Unser Buch Alphabet des selbstbestimmten Lebens entsprang der Idee, mal was ganz Neues auszuprobieren. Wir wollten wissen: Brauchen wir einen Verlag? Brauchen wir den klassischen Buchhandel? Könnten wir ganz anders mit Layout und Illustrationen umgehen? Müssen die einzelnen Texte lang sein oder gibt es für uns auch passende kurze Formate? Alles in Allem: Kann das Publizieren für uns nicht auch ganz anders funktionieren? … Mal sehen!
Das Experiment läuft. Und vor ein paar Tagen haben wir beim Abendessen einem Freund davon erzählt. Was heißt erzählt … wir haben gejammert!
Nichts ist glatt gelaufen! Kurz nachdem die Druckdaten fertig waren, ging die Druckerei pleite. Die neue Druckerei, die wir kurzfristig aufgetrieben hatten, hing hinter dem Zeitplan her. Dann wurden die halbfertigen Bücher auch noch in die falsche Buchbinderei geliefert. Wir konnten dadurch den angekündigten Auslieferungstermin nicht mehr halten. Dann stellten wir fest, dass der Buchbinder nicht sauber gearbeitet hat: Bei einem Teil der Bücher schlug der Buchdeckel innen Blasen. Dann sollte das Buch endlich lieferbar sein, aber in allen Buchläden hieß es „nicht lieferbar“, was nicht gerade verkaufsfördernd ist. Wie sich herausstellte, waren die Bücher beim Großhändler aus irgendeinem Grund irgendwo im Lager gestrandet und noch nicht einsortiert und erfasst, also tatsächlich nicht lieferbar.
Jammer! Beschwer! Ärger!
Unser Freund, der ein Naturwissenschaftler und begnadeter Forscher ist, hörte sich das alles ruhig an. Aber dann eröffnete er uns seine Sicht auf unser Experiment: Aus seiner Perspektive ist unser Experiment bestens verlaufen.

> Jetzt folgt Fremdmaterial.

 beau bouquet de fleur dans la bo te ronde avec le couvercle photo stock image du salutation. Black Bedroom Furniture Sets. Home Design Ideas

„Wie jetzt? Bestens? Im Ernst?“
„Aber ja, was genau ist denn euer Problem? Warum jammert ihr denn? Ihr habt doch gerade gesagt, dass es ein Experiment ist. Also schaut es auch an wie ein Experiment!“
Und so bekamen wir beim Essen eine gründliche Lektion darüber, wie Wissenschaftler mit Fehlschlägen umgehen und was wir davon lernen können: Wenn Wissenschaftler ein Experiment durchführen, dann können alle möglichen Dinge passieren. Manche Ergebnisse stützen die Hypothese, manche widerlegen sie. Und manchmal kommt überhaupt kein Ergebnis raus, was auch schon wieder ein Ergebnis ist. Jedes Ergebnis ist ein Stück Information, das schlussendlich zu einer Antwort auf die Ausgangsfrage führt.
Das ist interessant, weil es so ganz anders ist als unsere übliche Sicht auf Experimente. Fehlschläge werden in der Wirtschaft oftmals synonym mit einem persönlichem Versagen gesehen: „Das hättest du doch wissen müssen!“ „Warum hast du nicht bedacht, dass…?“ usw.

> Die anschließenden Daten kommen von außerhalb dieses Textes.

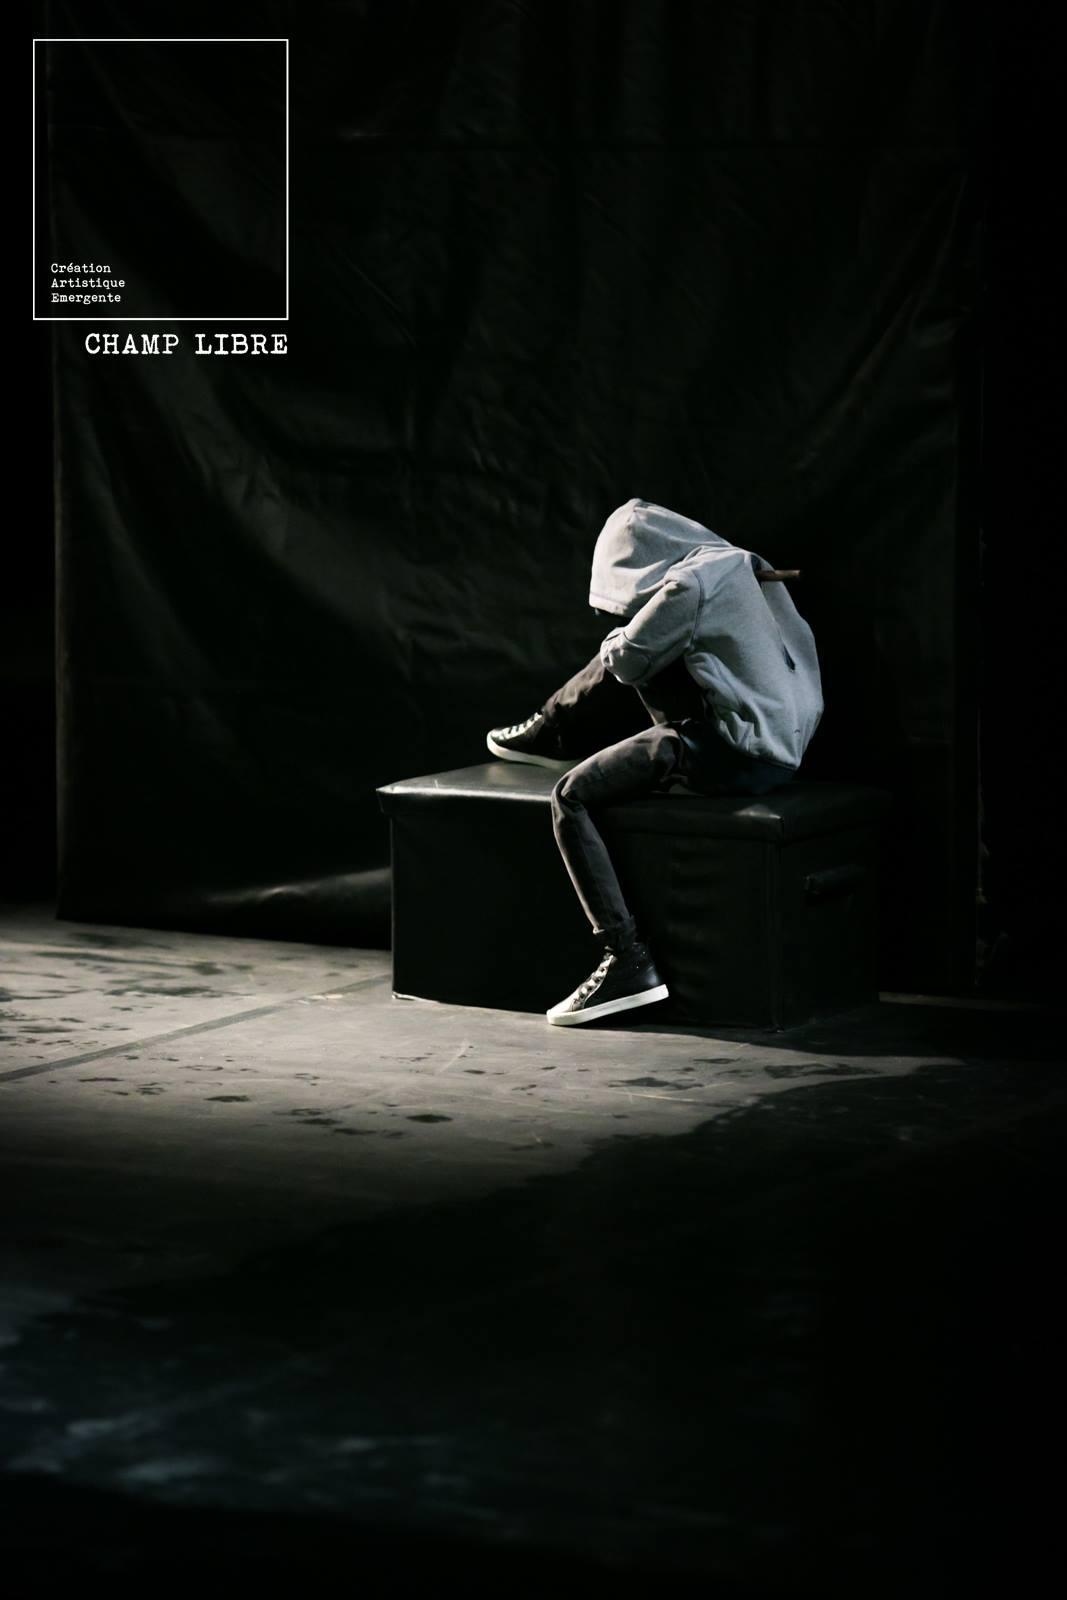 Champ Libre - Aout 18 - Yann Slama 5

Für einen Wissenschaftler aber ist ein fehlgeschlagenes Experiment kein Beweis dafür, dass er ein schlechter Wissenschaftler ist. Im Gegenteil! Herauszufinden, dass eine Hypothese falsch ist, ist mindestens so wertvoll, wie herauszufinden, dass sie richtig ist.
Also: Denke öfter wie ein Wissenschaftler!
Fehlschläge sind einfach nur Informationen, die dir helfen, die richtige Antwort zu finden.
Fehlschläge sind immer der Begleiter von Wachstum, Erkenntnis und Entwicklung.
Ein missglückter Versuch hat nichts mit uns als Person zu tun. Ein fehlgeschlagenes Experiment, das sind nicht wir. Aber auch: Ein geglücktes Experiment, das sind ebenfalls nicht wir! Das alles sind Informationen, die uns helfen zu wachsen, besser zu werden und für das nächste Experiment besser gerüstet zu sein.
P.S.: Unser Buch im Eigenverlag war wenige Wochen nach dem Abendessen im Handel. Nach wenigen Monaten konnten wir bereits die zweite Auflage nachdrucken. Nach 12 Monaten haben wir dann die Lizenz an den Kösel Verlag/ Randomhouse verkauft, die das Buch aktuell in einer neuen Gestaltung herausgeben.